(Source records)
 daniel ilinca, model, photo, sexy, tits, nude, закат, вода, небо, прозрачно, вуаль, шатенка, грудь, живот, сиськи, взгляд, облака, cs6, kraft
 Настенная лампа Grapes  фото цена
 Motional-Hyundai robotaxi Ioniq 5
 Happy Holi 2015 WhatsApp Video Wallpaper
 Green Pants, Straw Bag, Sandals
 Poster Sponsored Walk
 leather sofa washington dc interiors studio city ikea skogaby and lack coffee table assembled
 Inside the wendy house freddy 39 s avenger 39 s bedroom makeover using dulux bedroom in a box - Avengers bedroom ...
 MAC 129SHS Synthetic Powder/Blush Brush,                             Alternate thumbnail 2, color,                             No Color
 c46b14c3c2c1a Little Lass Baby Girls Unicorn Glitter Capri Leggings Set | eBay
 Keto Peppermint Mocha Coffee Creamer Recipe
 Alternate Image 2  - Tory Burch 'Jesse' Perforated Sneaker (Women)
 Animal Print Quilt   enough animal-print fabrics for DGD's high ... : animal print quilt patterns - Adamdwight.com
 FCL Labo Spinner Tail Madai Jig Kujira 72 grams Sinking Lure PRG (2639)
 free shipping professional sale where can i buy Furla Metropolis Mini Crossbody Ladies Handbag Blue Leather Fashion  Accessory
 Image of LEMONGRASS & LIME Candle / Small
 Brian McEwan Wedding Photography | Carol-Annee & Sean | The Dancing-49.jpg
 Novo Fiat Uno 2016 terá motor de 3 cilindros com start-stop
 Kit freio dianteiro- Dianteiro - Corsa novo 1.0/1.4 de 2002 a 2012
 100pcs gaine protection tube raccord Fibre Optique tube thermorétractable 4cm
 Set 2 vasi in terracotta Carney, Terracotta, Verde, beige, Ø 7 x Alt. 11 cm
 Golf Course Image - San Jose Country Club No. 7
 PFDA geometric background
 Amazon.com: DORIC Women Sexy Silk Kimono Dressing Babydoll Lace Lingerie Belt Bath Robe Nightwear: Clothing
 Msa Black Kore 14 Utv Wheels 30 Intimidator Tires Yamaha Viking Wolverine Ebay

## PROBLEM TO WORK ON
Show all of the lines above in which "Alternate" is present.

## FINISHED TASK
 MAC 129SHS Synthetic Powder/Blush Brush,                             Alternate thumbnail 2, color,                             No Color
 Alternate Image 2  - Tory Burch 'Jesse' Perforated Sneaker (Women)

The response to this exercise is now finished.